**WHAT YOU HAVE TO DO**
Once the pictures are removed, restate the data below word for word.

**SUPPLIED INFORMATION**
+ + + +

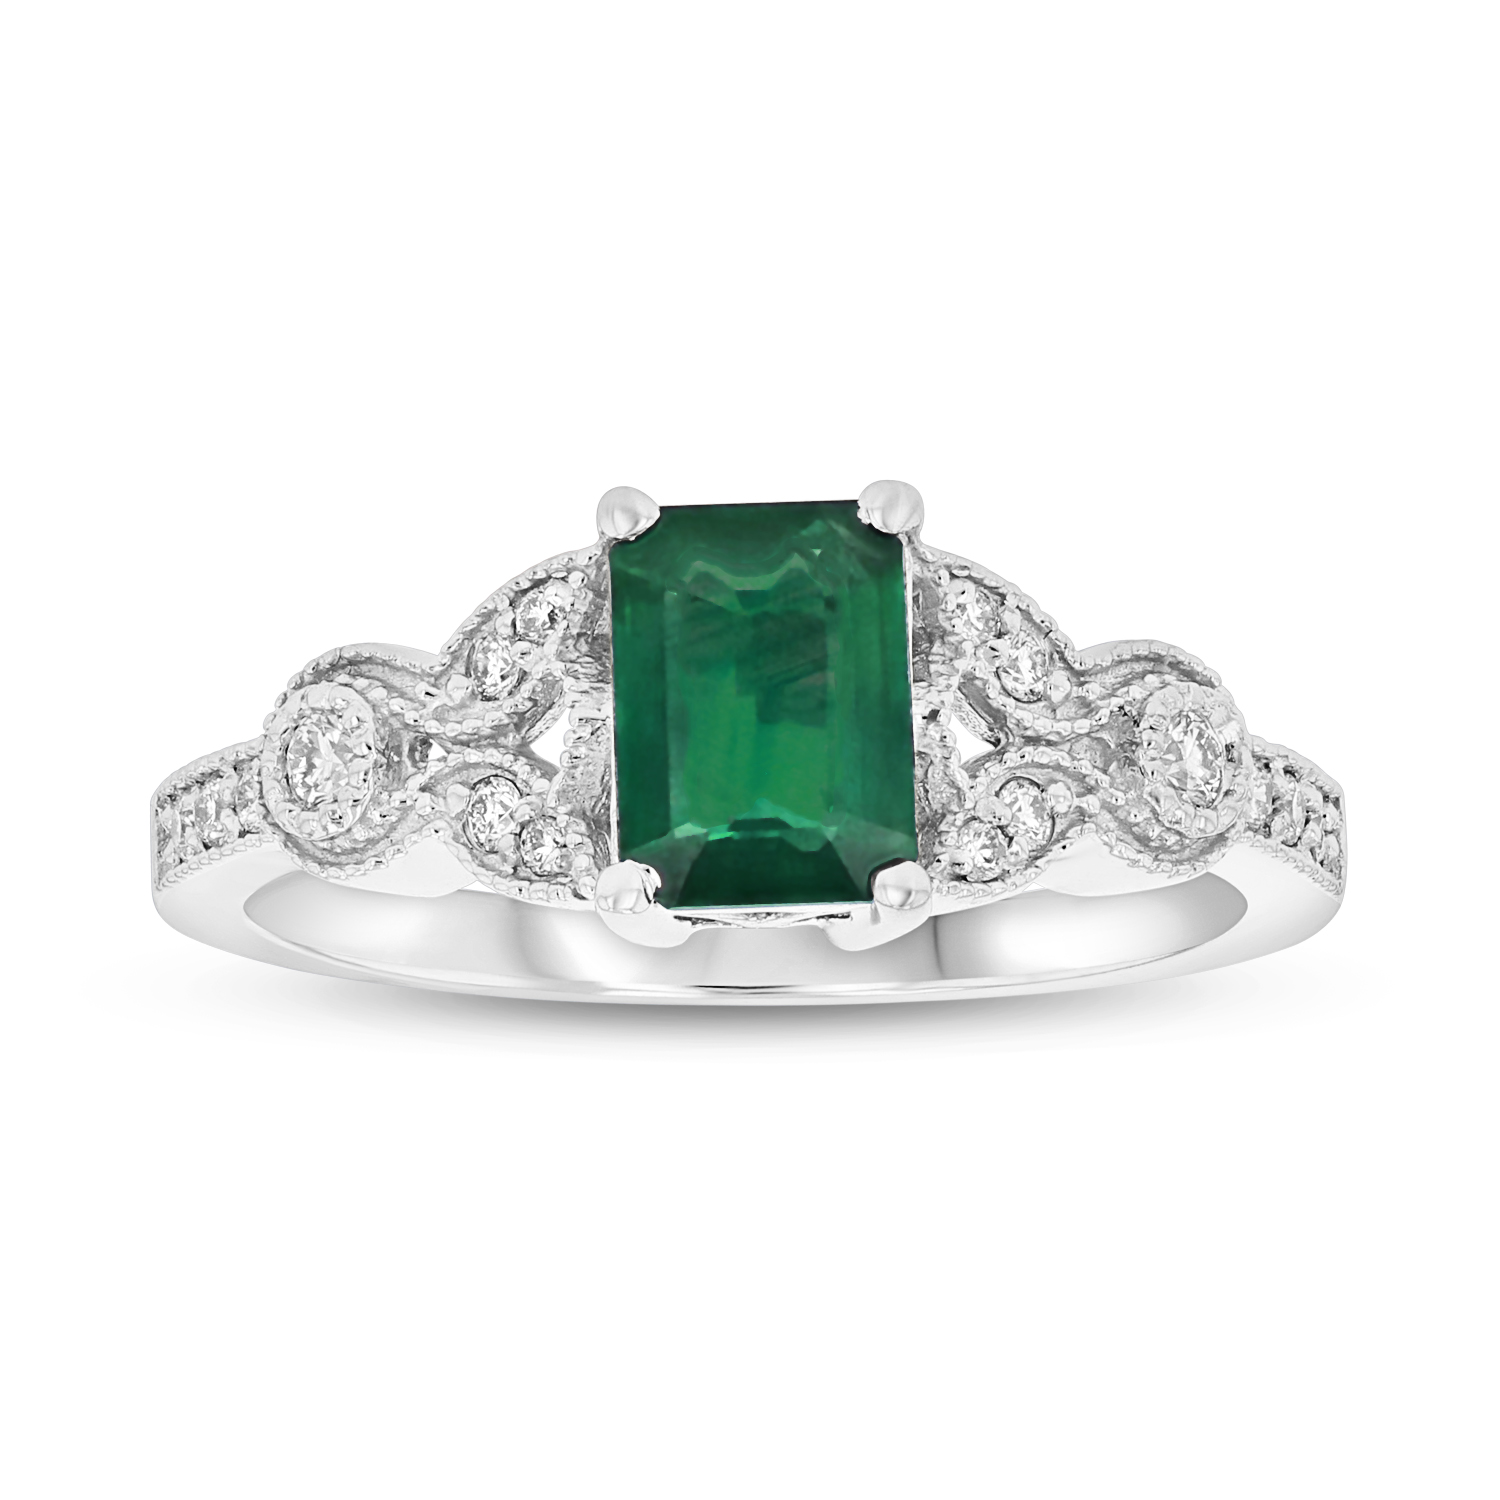 View 1.05ctw Diamond and Emerald Engagement Ring in 14k White Gold
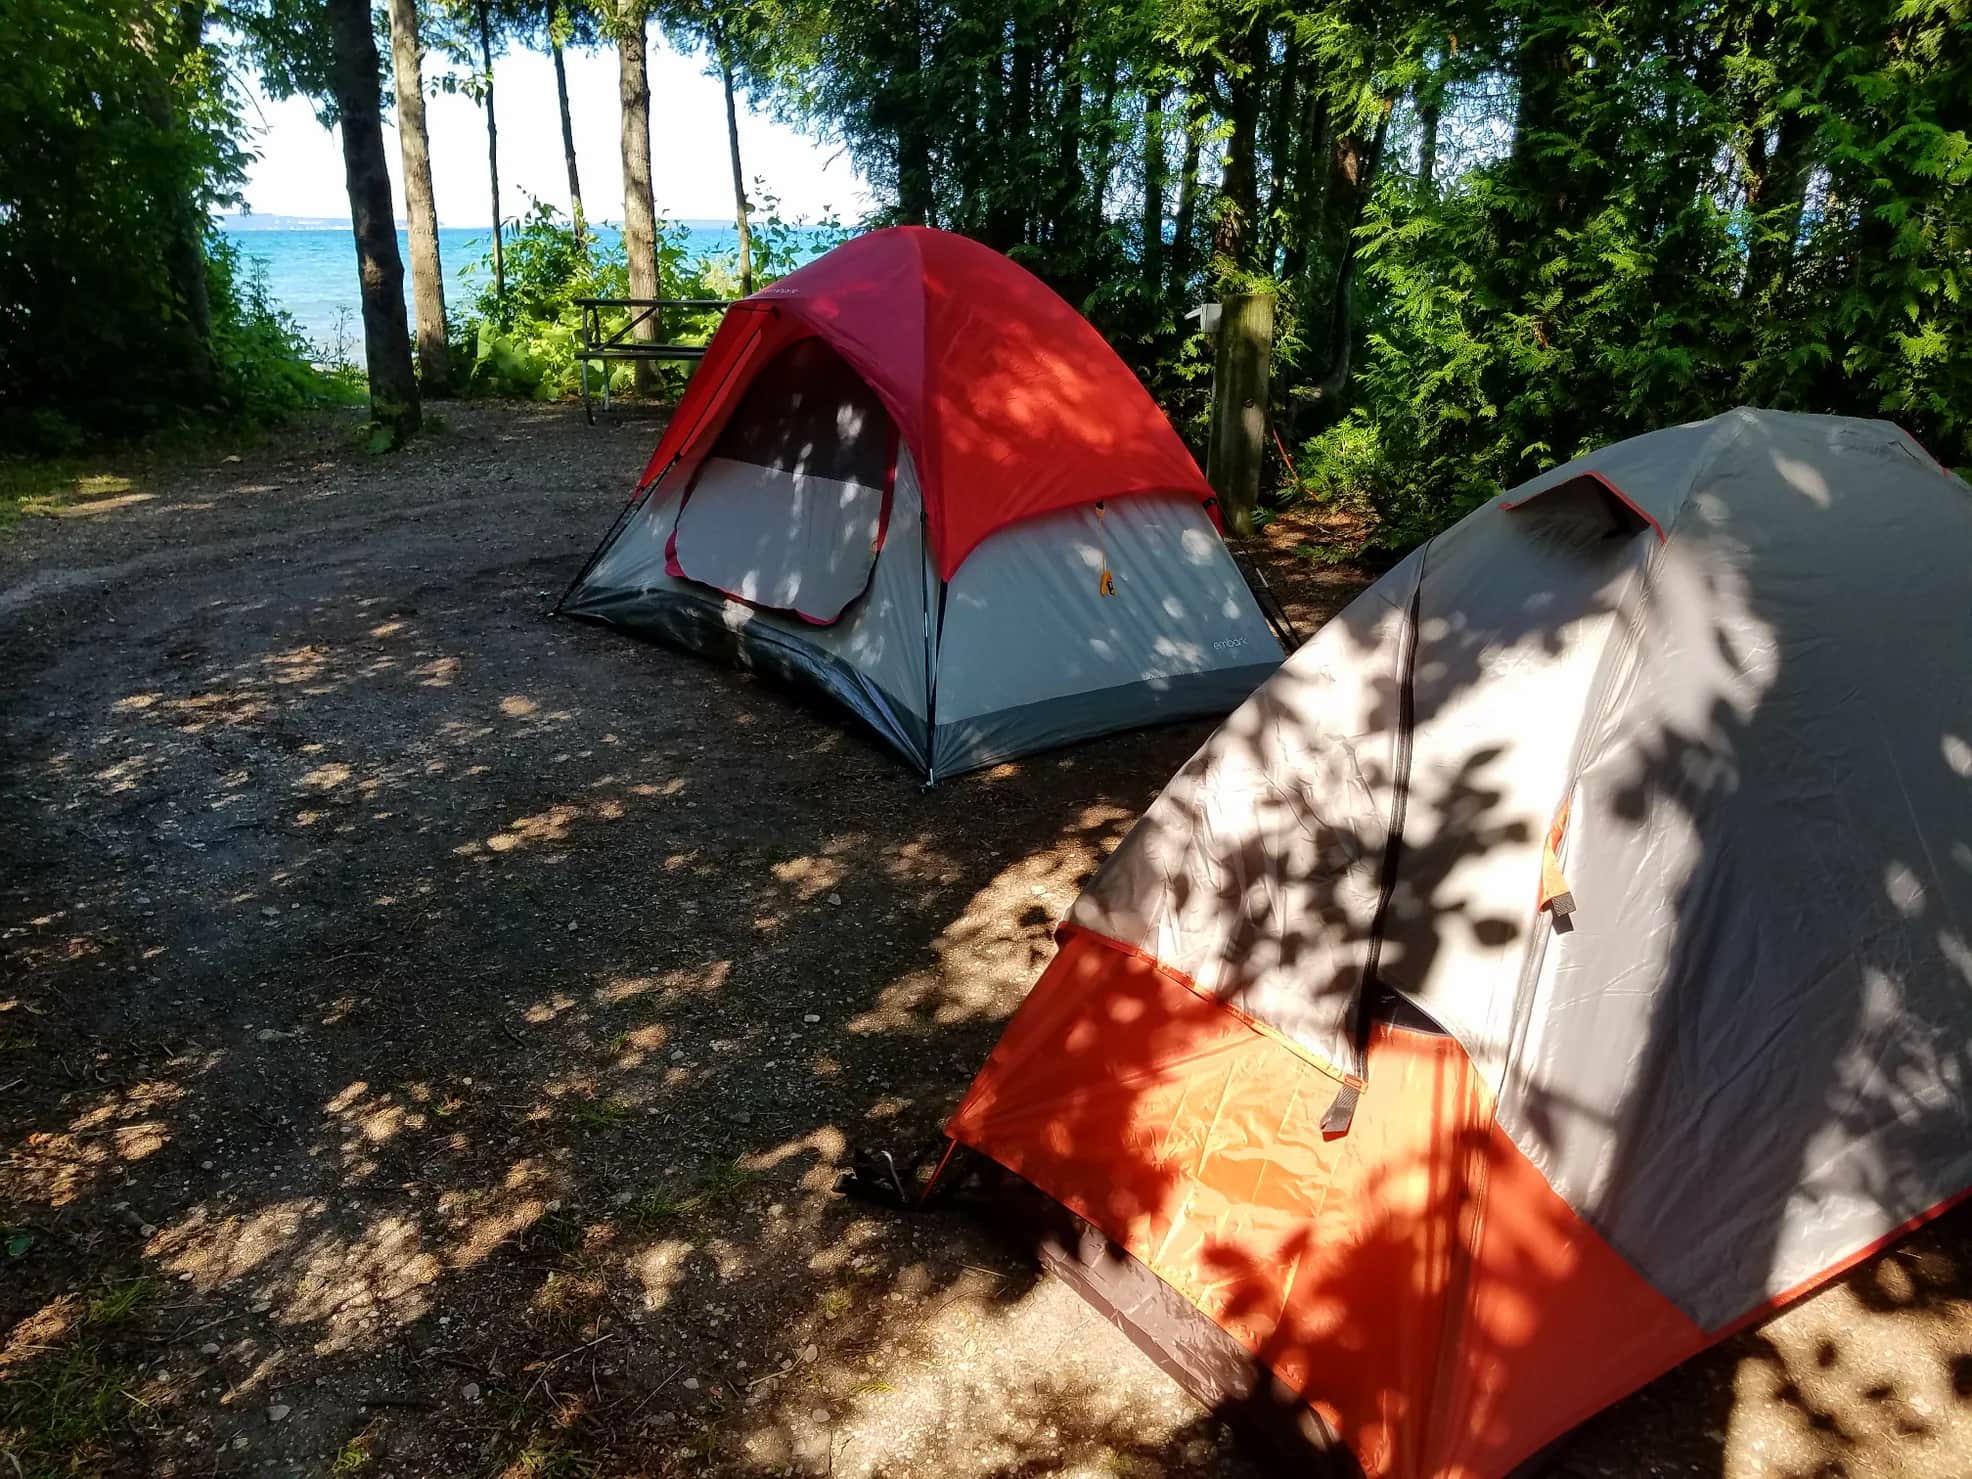 Two tents pitched in a campsite overlooking a lake in the forest.
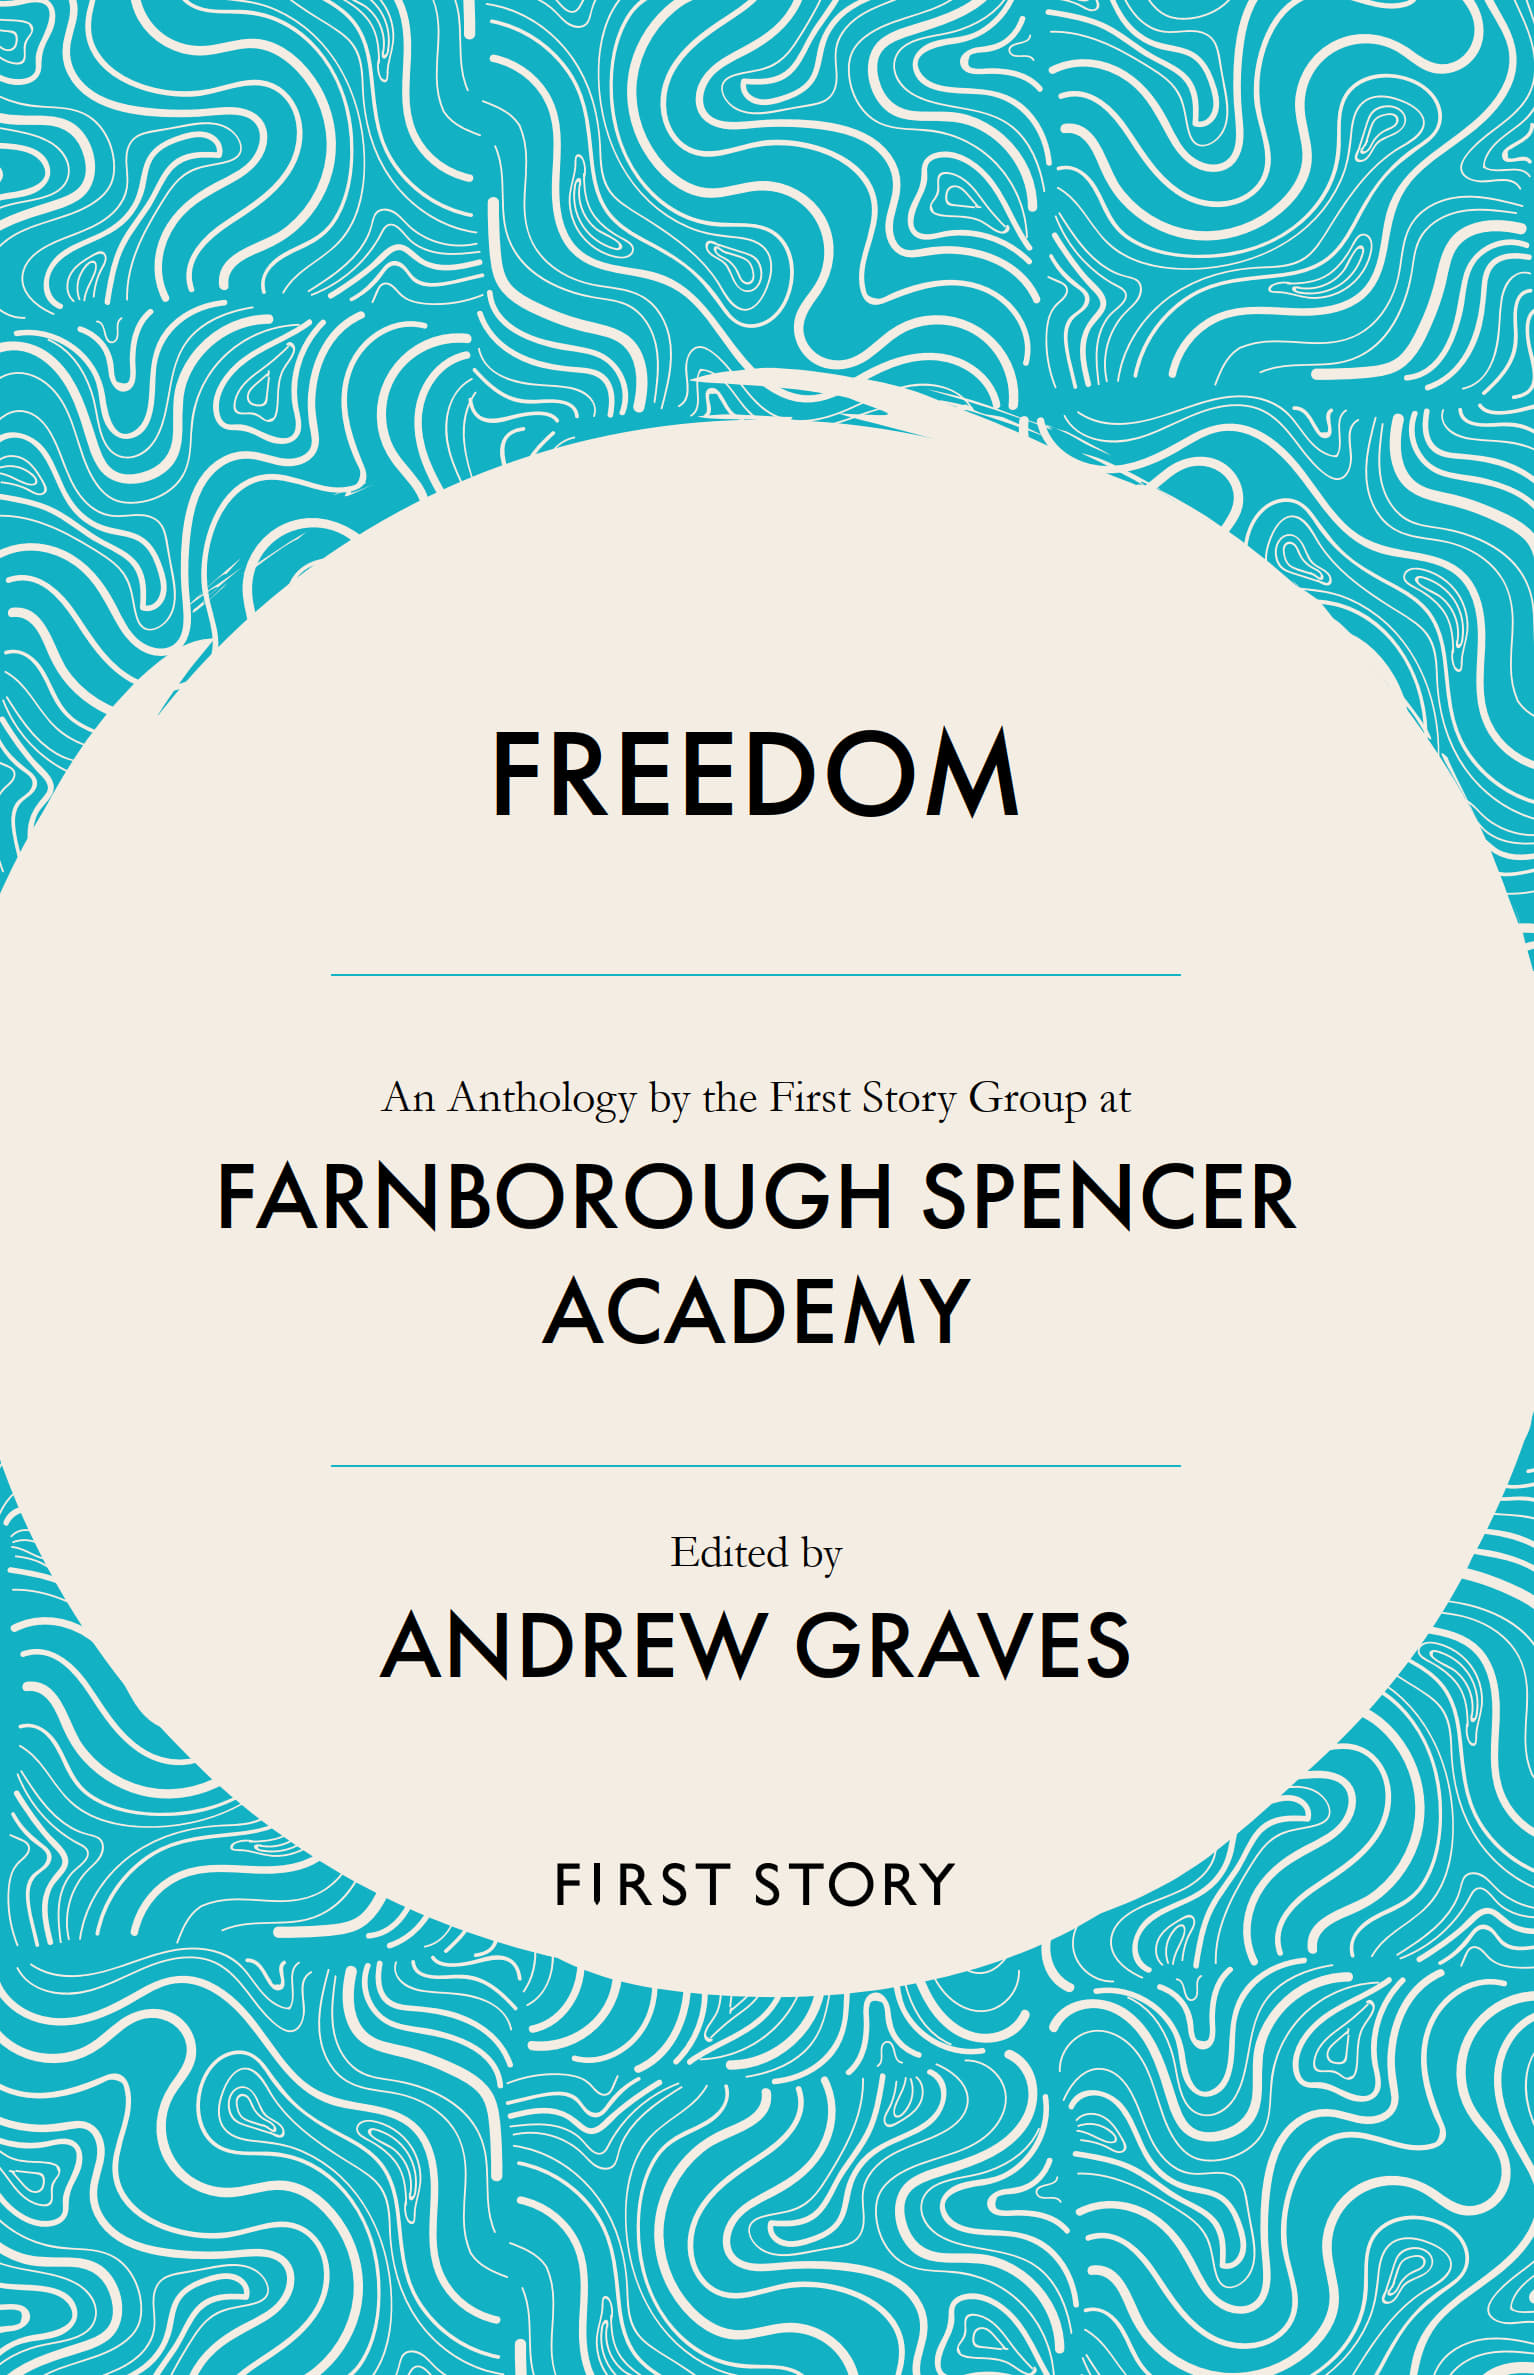 Cover of First Story Anthology for Farnborough Spencer Academy, titled Freedom

+ + + +

**TASK RESULT**
 View 1.05ctw Diamond and Emerald Engagement Ring in 14k White Gold
 Two tents pitched in a campsite overlooking a lake in the forest.
 Cover of First Story Anthology for Farnborough Spencer Academy, titled Freedom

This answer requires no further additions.